DATA EXCERPT.
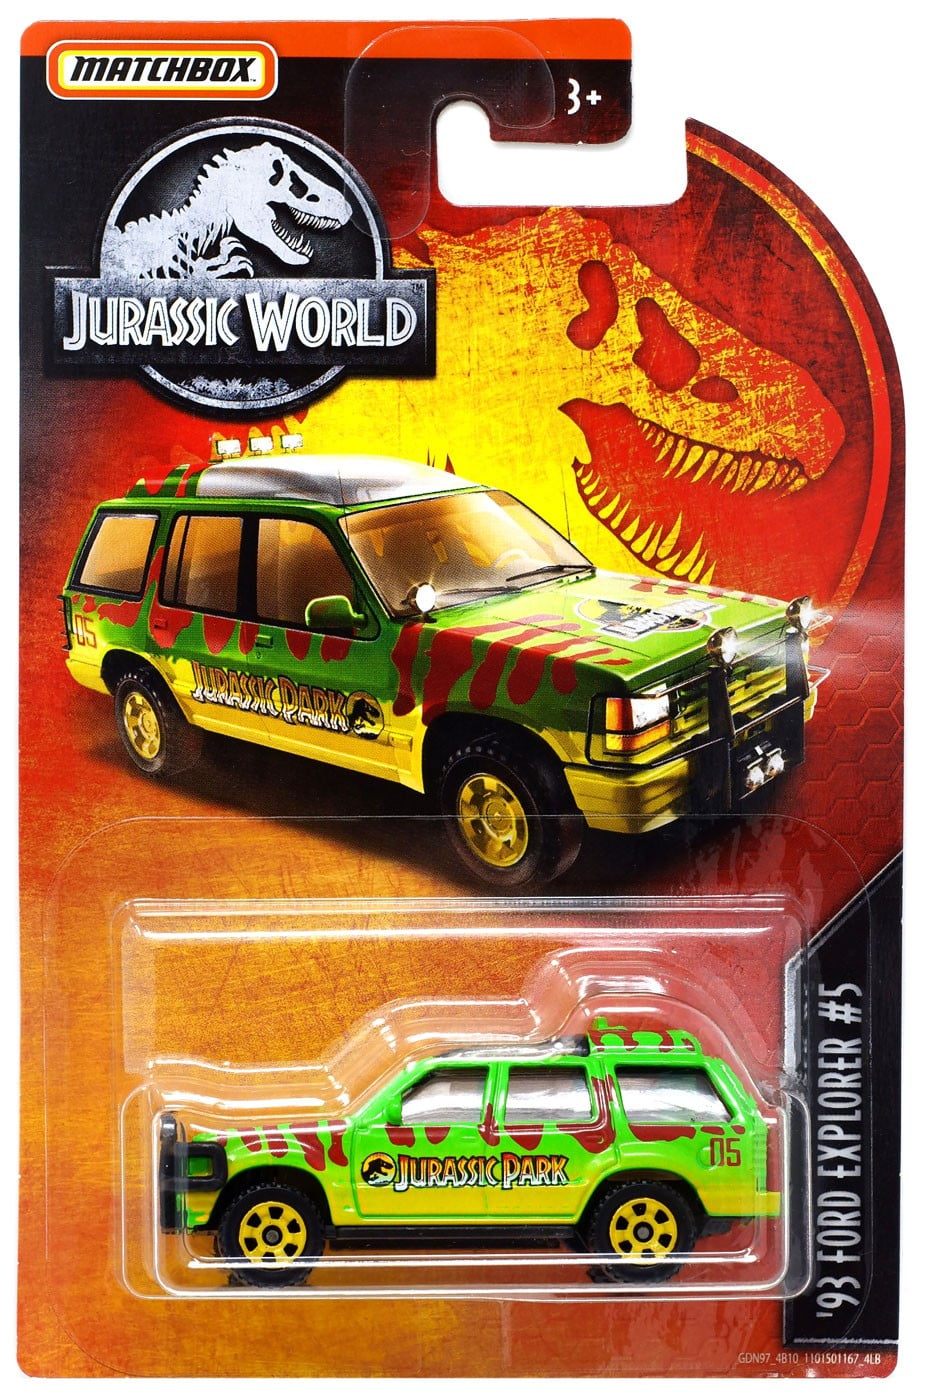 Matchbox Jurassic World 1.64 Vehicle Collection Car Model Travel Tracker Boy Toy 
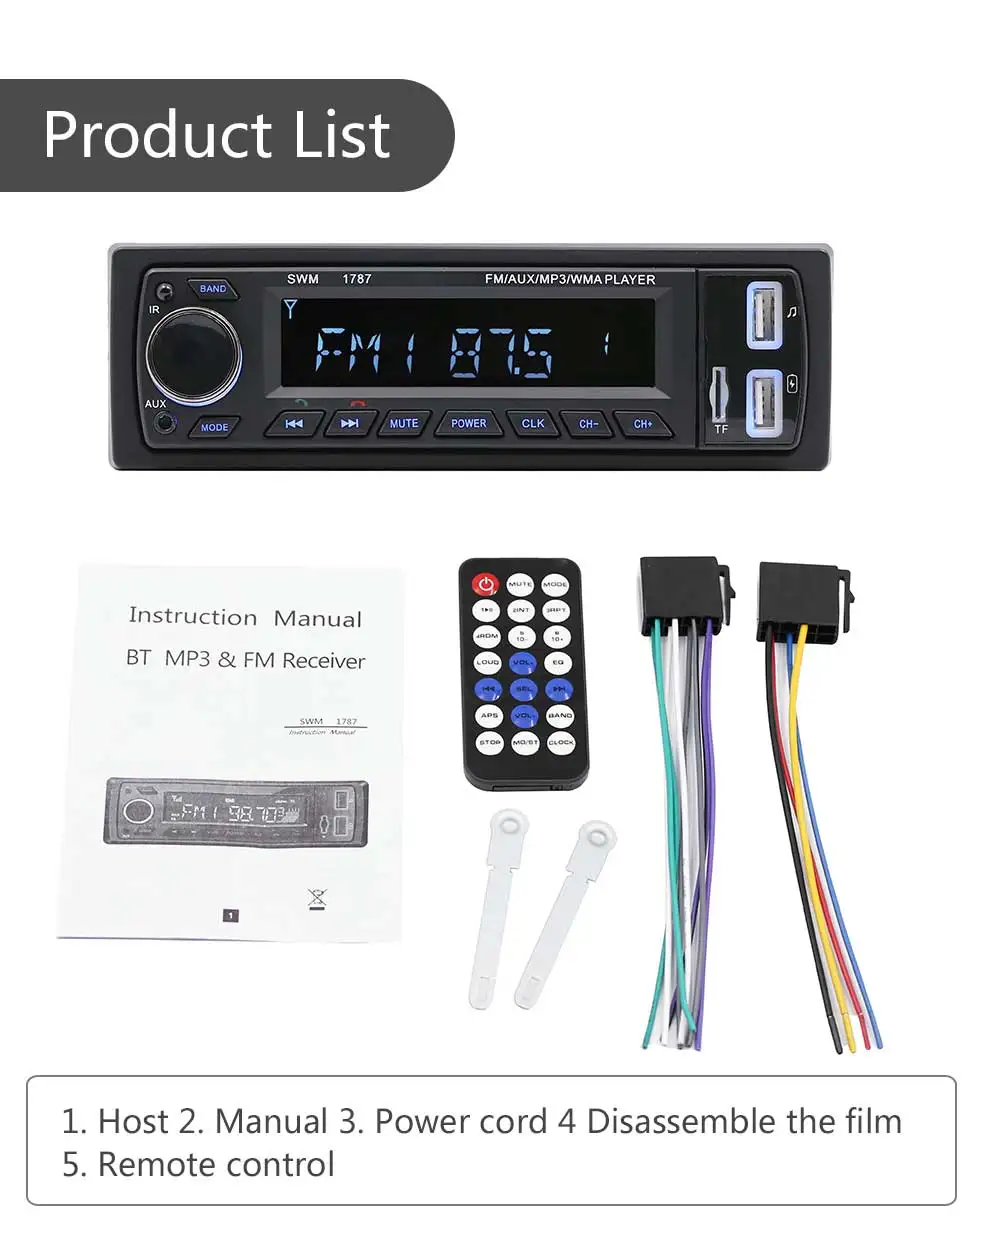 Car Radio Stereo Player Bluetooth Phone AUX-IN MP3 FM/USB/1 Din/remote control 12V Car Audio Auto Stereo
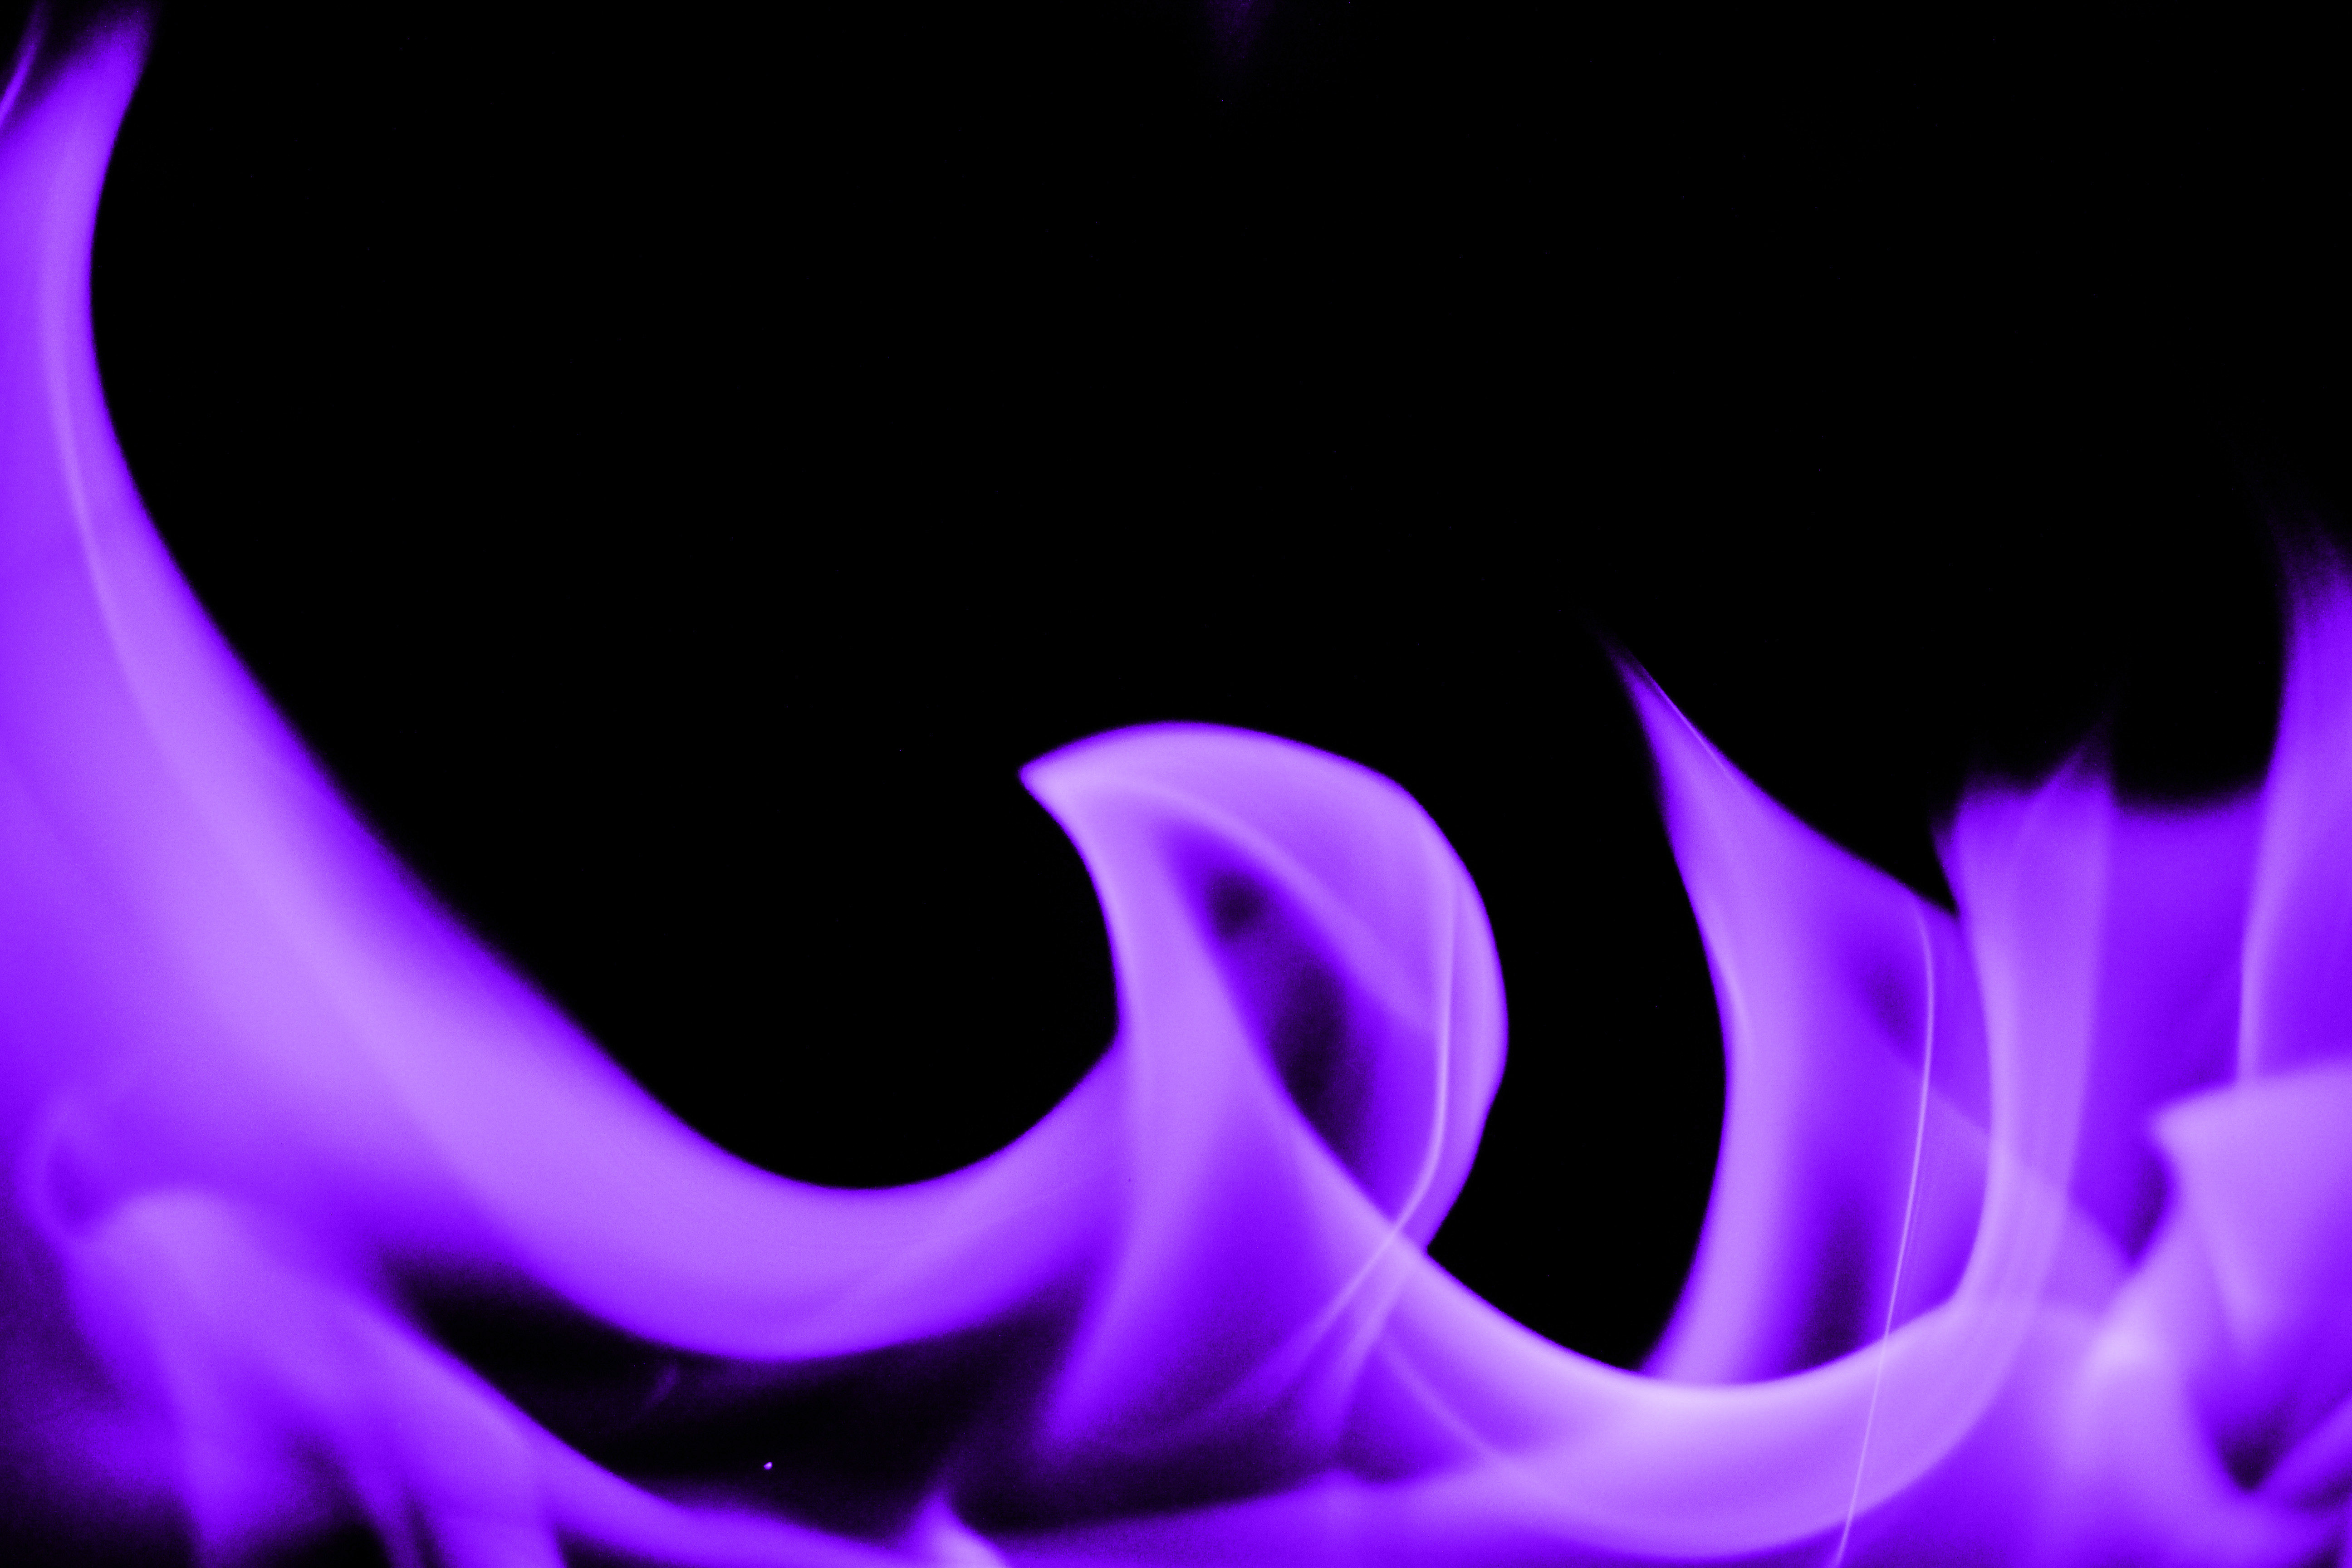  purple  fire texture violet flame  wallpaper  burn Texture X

YOUR ASSIGNMENT.
Copy the final stretch of lines, starting at the one that holds "Car Radio Stereo" and ending at the last line of the data, exactly; omit pictures.

WRITTEN REPLY.
 Car Radio Stereo Player Bluetooth Phone AUX-IN MP3 FM/USB/1 Din/remote control 12V Car Audio Auto Stereo
  purple  fire texture violet flame  wallpaper  burn Texture X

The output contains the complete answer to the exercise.